♥ Wednesday, May 19, 2010
There Go One More MistakeI had my biology paper 3 yesterday. Same as paper 2, it's better than last year. But again, I'm not happy about it. For question one, we need to record the time taken for the food test. I was not careful enough in reading the question and so I didn't record it. However, biology teacher came to check my answers when there was still 10 minutes left. He told me my mistake and asked me not to panic and redo one more time. He told me I still have time. I did redo it. But while waiting for the colour change, I went back to do my last question. I thought the colour won't change that fast because I waited quite a long time when I do it for the first time. Unfortunately, after finished my last question, I looked at all the test tubes in the water bath and shocked! Three of them had already changed their colour. What I can do was just estimate the time taken for it.

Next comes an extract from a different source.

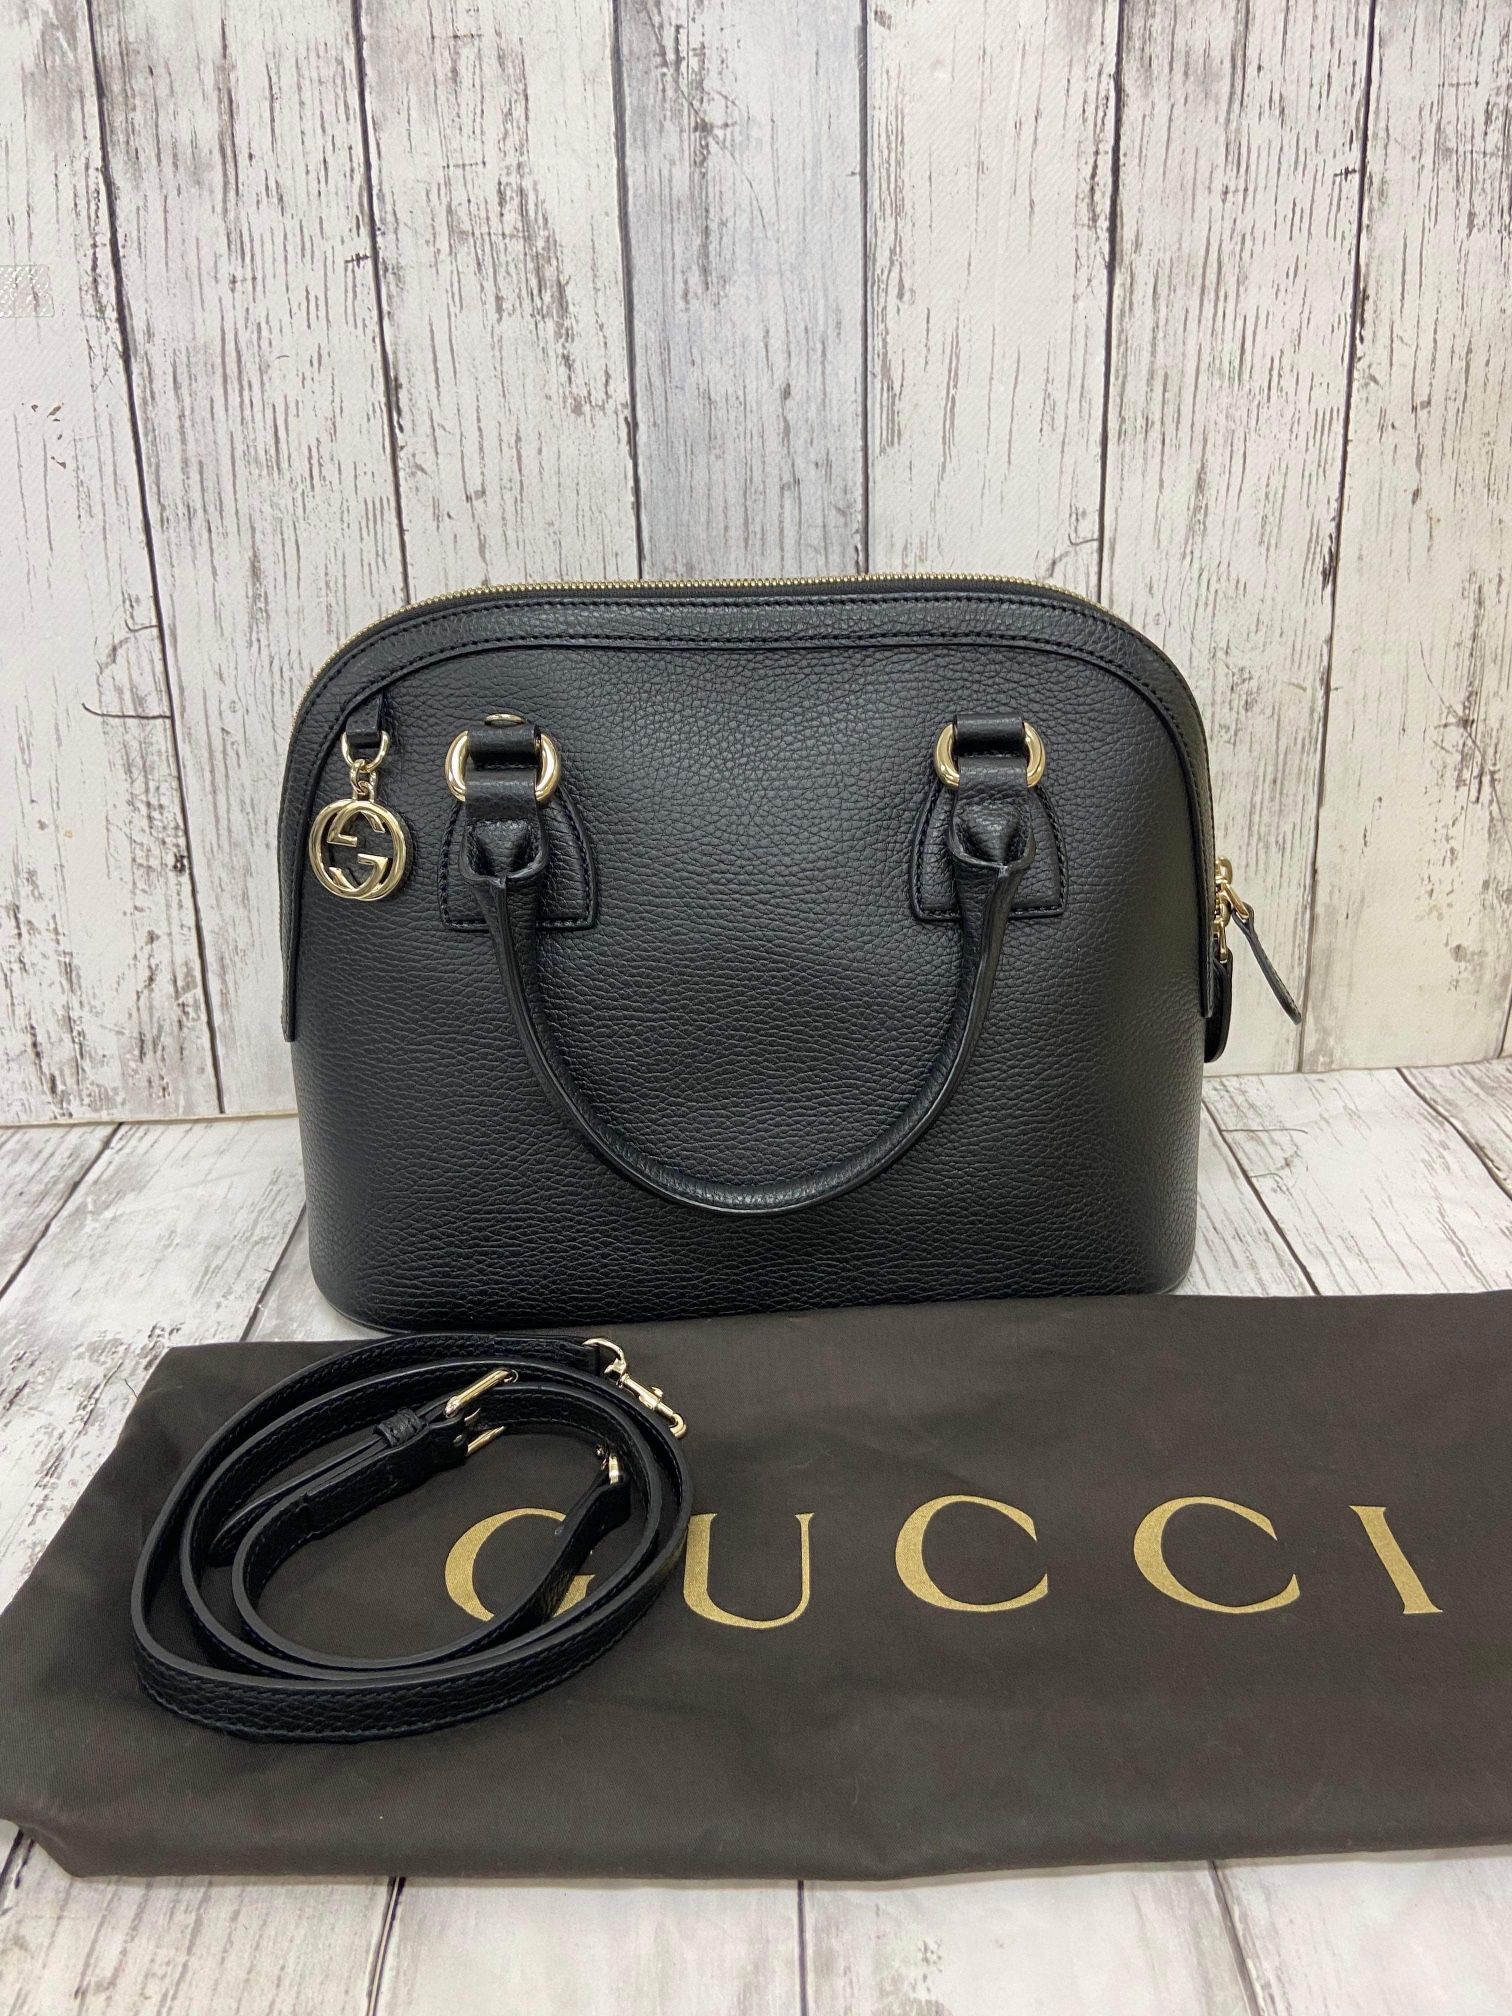 Authentic Gucci Dome Two-way Crossbody Bag

I blame myself for it. I was given the second chance but still, I did it wrong! Why am I so stupid and careless? Why can't I finish the food test first before doing the last question?
Well,this is not the only careless mistake that I made. There's one question asking me to describe and explain the graph I had drawn. The graph is about distance diffused and time. But you know what the fuck did I write? I wrote about temperature and rate of diffusion. Just because the question before the graph is about temperature, I messed up my mind!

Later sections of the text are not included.